> PROBLEM REQUIREMENTS: Your copy of the data should leave out the images and match everything else exactly.

> DATA SECTION:
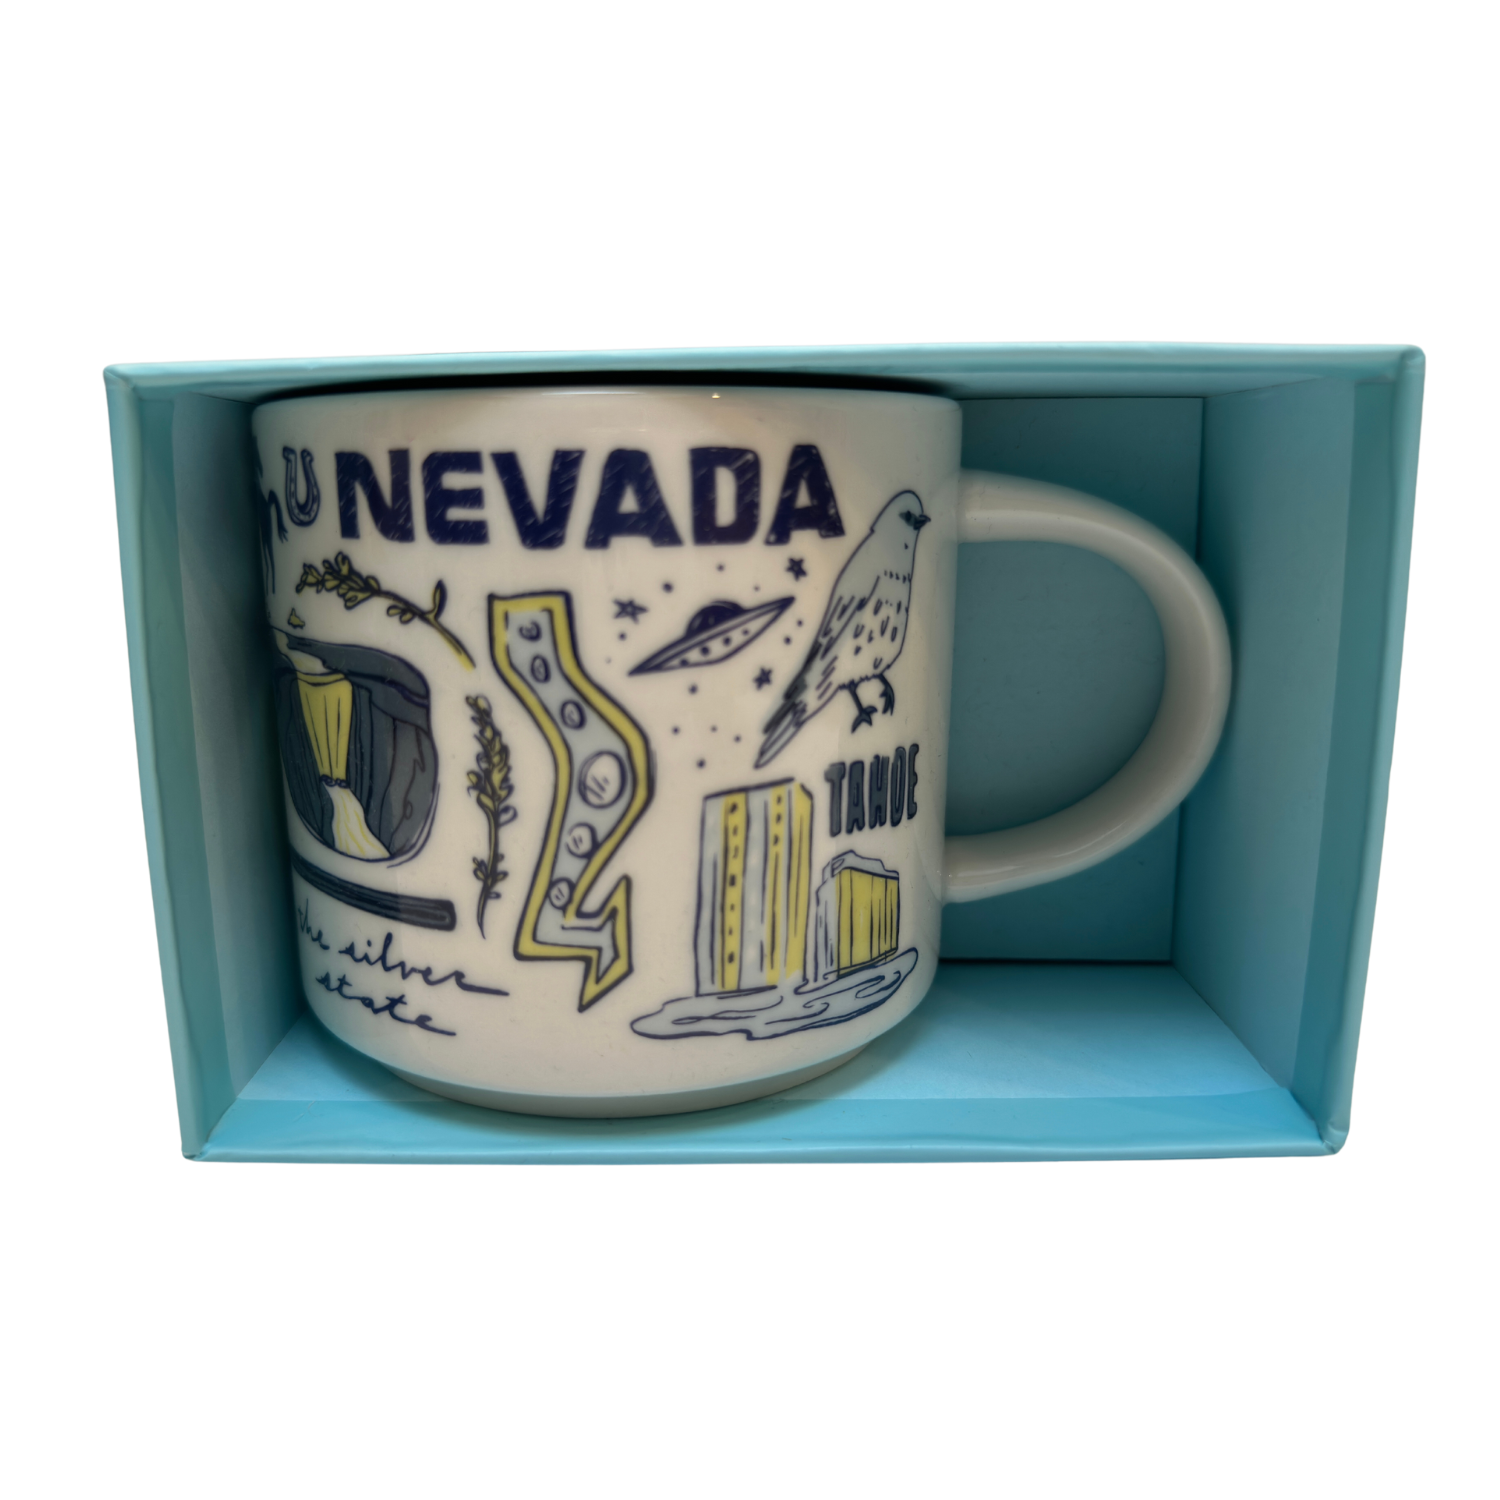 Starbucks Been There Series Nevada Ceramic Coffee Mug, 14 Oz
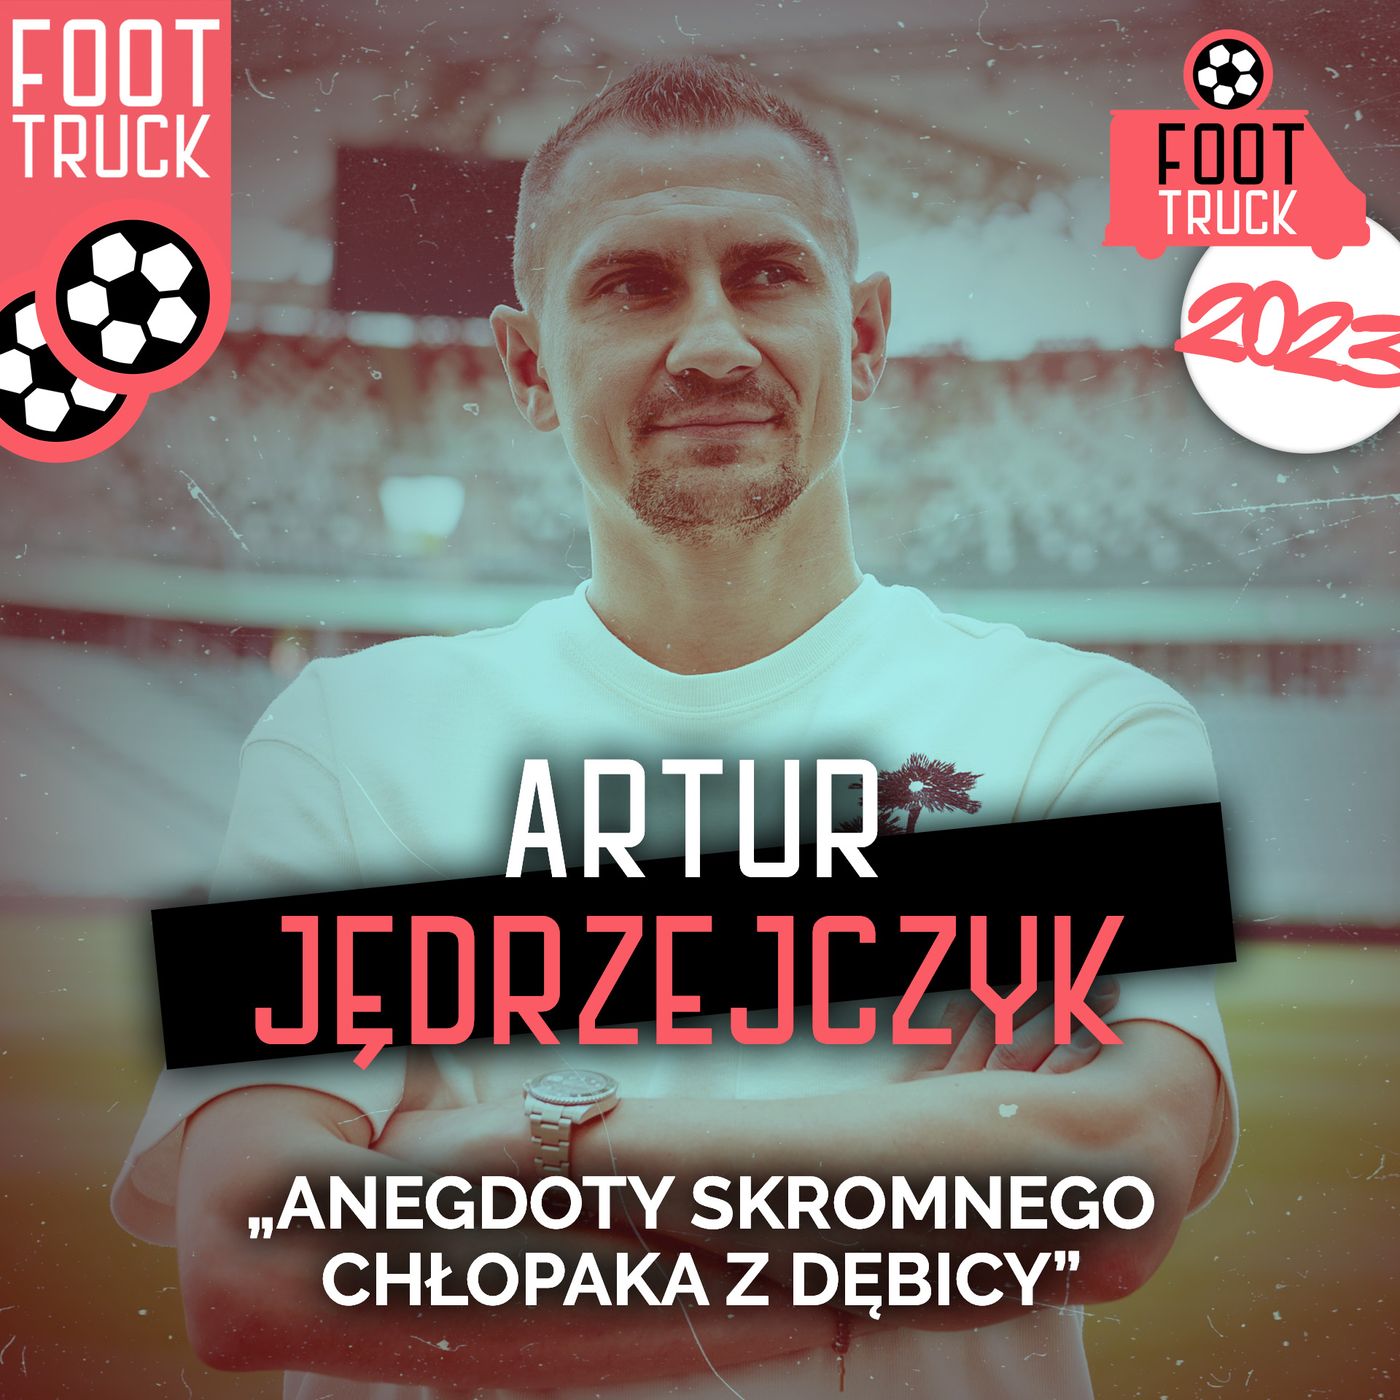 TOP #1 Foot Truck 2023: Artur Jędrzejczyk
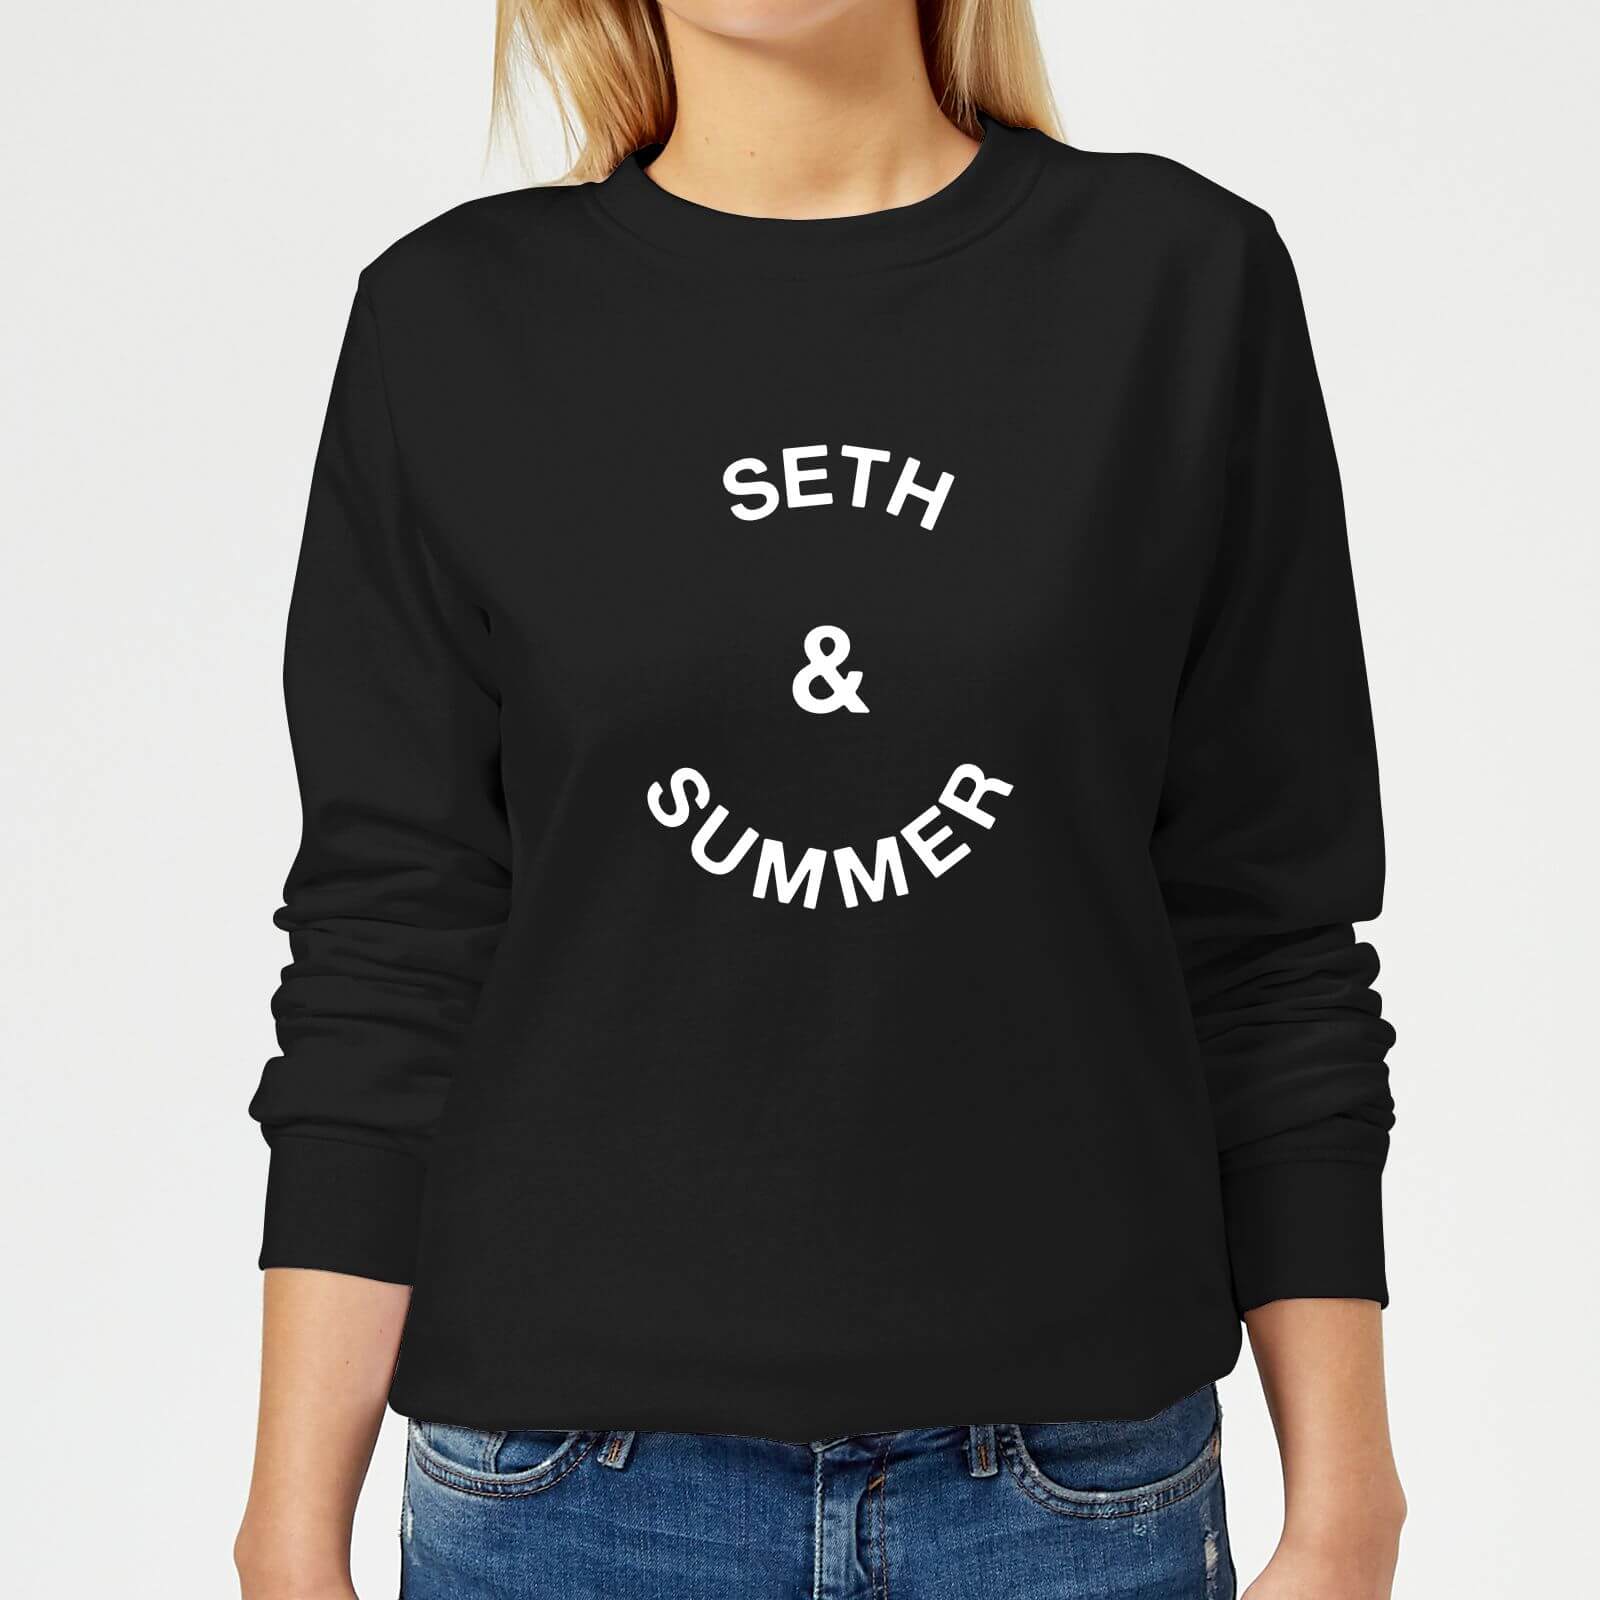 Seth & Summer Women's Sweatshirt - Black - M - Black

> SOLUTION:
 Starbucks Been There Series Nevada Ceramic Coffee Mug, 14 Oz
 TOP #1 Foot Truck 2023: Artur Jędrzejczyk
 Seth & Summer Women's Sweatshirt - Black - M - Black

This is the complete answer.